Here's what I have. My OMV is a Dell Optiplex 755 with a Core 2 Duo E6550 and 4 GB RAM. System drive is an 80 GB Maxtor ATA 100 on a serillel adapter, storage is 3 x 2 TB Toshiba SATA-3 HDs in an OMV RAID 5. Onboard NIC is an Intel 82566DM-2 gigabit adapter. Router is a new Netgear R6250 gigabit, cables are all Cat5e. My main CPU is a Core 2 Duo 8400 with 3 GB RAM, one of those onboard Realtek nics that get so much love around here, and Win XPSP2.
Possible issues: 1) storage drives are SATA-3, mobo bus they are on is SATA-2. This shouldn't be an issue, SATA-2 still has a theoretical transfer rate of around 475 MB/s. The drives themselves are new and bench well, according to my research on them. 2) Kernel unhappiness. I installed the backport, and it DID improve performance (prior writes sometimes in the teens), but not to where I'd like it. 3) NIC - this particular Intel chip seems to have had issues with the Linux 2.6x kernel, to the point where some folks mentioned it could actually be damaged by that kernel. As I said, the backport was better, but.... 4) Drive or RAID configuration. It took a couple hours to set it up and format - I didn't think it was supposed to take that long. I installed the supportinfo plugin, and it says, ominously,
but it works and is identified as a RAID volume with 2 shares and a total capacity of 3.64 TB.
Any ideas? I'm not opposed to buying a PCI-e or PCI nic to slap in the OMV, if you think it will help.

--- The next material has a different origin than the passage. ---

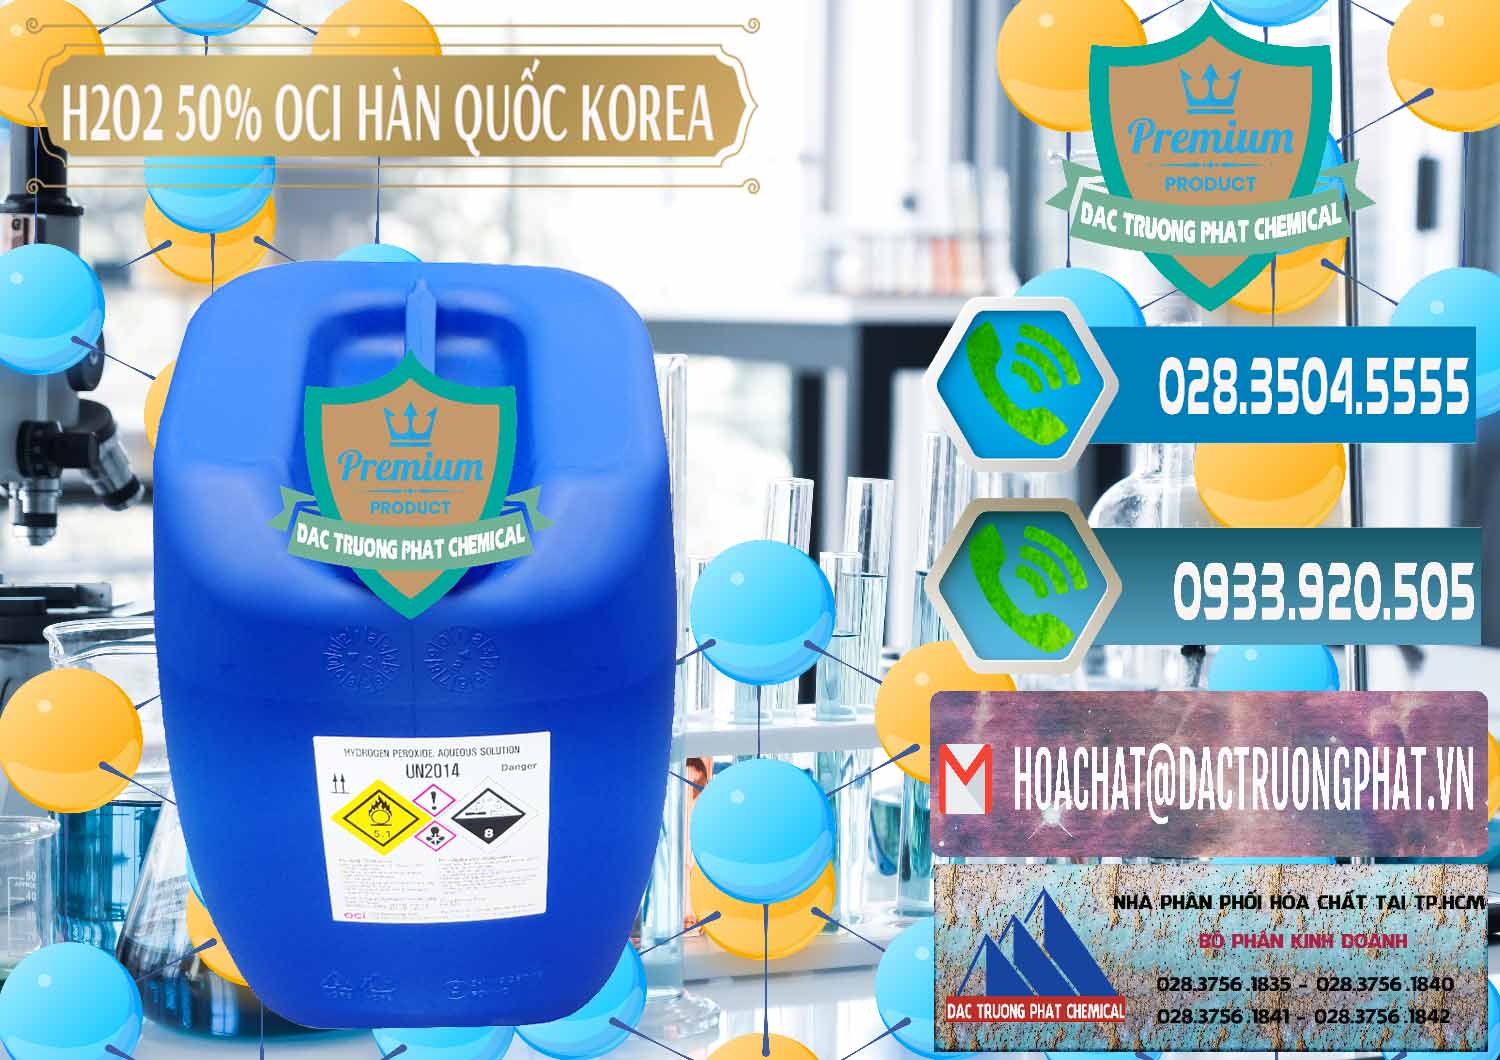 Nơi chuyên bán - cung ứng H2O2 - Hydrogen Peroxide 50% OCI Hàn Quốc Korea - 0075 - Công ty bán - cung cấp hóa chất tại TP.HCM - congtyhoachat.net

Oh, by the way, my router has a ReadyNas feature because of it's USB 3.0 (4.8 Gb/s) port. It's pretty cool, really, you just plug in a USB HD and it automagically configures it as a network storage device and tells your computer it's there. The same utility I used to benchmark OMV says my USB 3.0 HD gets reads/writes averaging 20 MB/s this way, so it's still not as good as a dedicated NAS, even a crippled one like mine.